Присутствие и бессмертие. Избранные работы - Габриэль Марсель
Шрифт:
Интервал:
Закладка:
Нетрудно видеть, что в той ситуации «тайной полярности видимого и невидимого», о которой мы говорили, действительно содержатся экзистенциально-опытные предпосылки для идеи присутствия в связи с идеей бессмертия, что сначала получило художественное осознание в драматургии, а затем перешло в план философской рефлексии французского мыслителя.
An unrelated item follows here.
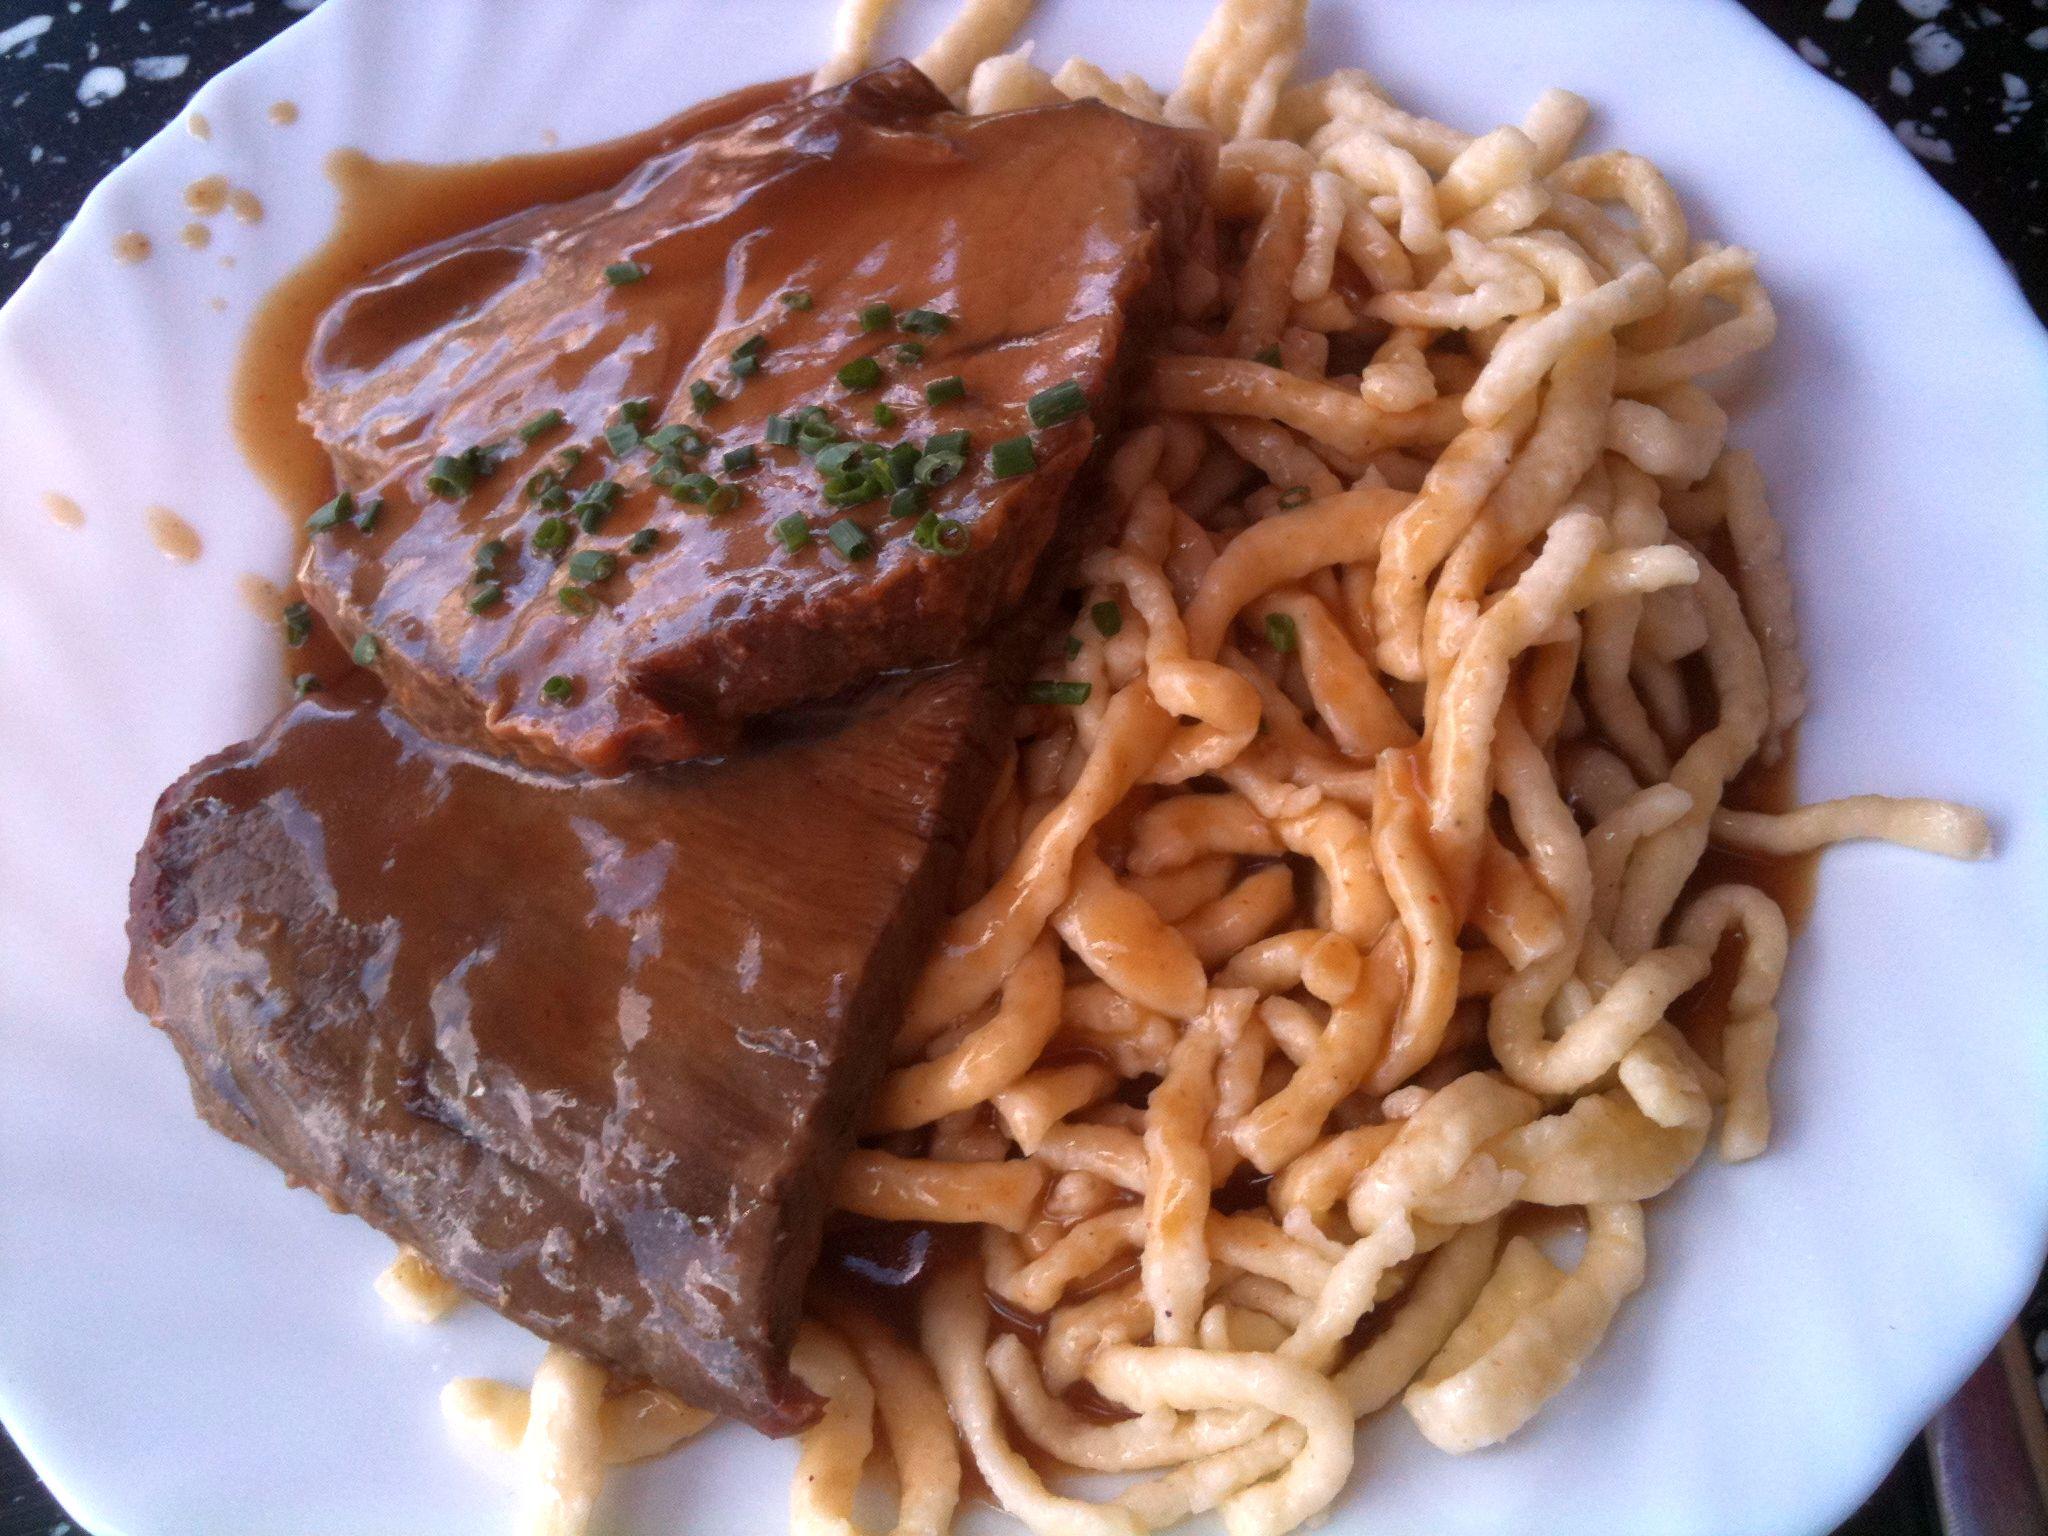 https://foodloader.net/nico_2011-07-09_gemischter_braten-mit-spaetzle.jpg

Нам теперь остается сказать несколько слов об интерперсоналистическом характере подобной онтологии, о ее, можно сказать, мы-характере. Здесь уместно будет сказать о том, что с детских лет не только путешествия влекли к себе юного мыслителя, но и театр, драматическая и драматургическая стихия. Действительно, многое в философском развитии французского мыслителя объясняется его укрепившейся еще в детские годы любовью к театру. Увлечение театром, а юный Марсель, по его словам, был «без ума от него», – верный путь к развитию художественного начала будущей творческой личности. Достаточно вспомнить в связи с этим театральные увлечения молодого Блока или А. Бенуа. Но театр для Марселя в его юные годы был не просто захватывающим искусством зрелищного представления, но «привилегированным способом выражения»[5] мысли и чувства. И именно этот мыслительно и, в конце концов, философски акцентированный и артикулированный театр и стал театром Марселя как первичной формой выработки его основных идей. Прежде всего, театр приучил его мыслить в лицах и ради них, способствуя его отказу от философии «Я», от картезианского и, тем более, фихтеанского трансцендентального Эго, из себя, якобы, полагающего не-«Я». Интерсубъективность как основное требование философского поиска вообще, и онтологического – в особенности, имеет у Марселя свои театральные корни. «Я считаю, – пишет сам философ, – что мои персонажи заменяли мне сестер и братьев, которых у меня не было, но которых мне так не хватало»[6]. Искусство, не обязательно драматургическое, способно воссоздавать то, что в объективном плане отсутствует в жизни, но крайне необходимо человеку для его бытия как личности. Такой способ бытия, по Марселю, и есть присутствие (la présence), важнейшая категория его философии бессмертия.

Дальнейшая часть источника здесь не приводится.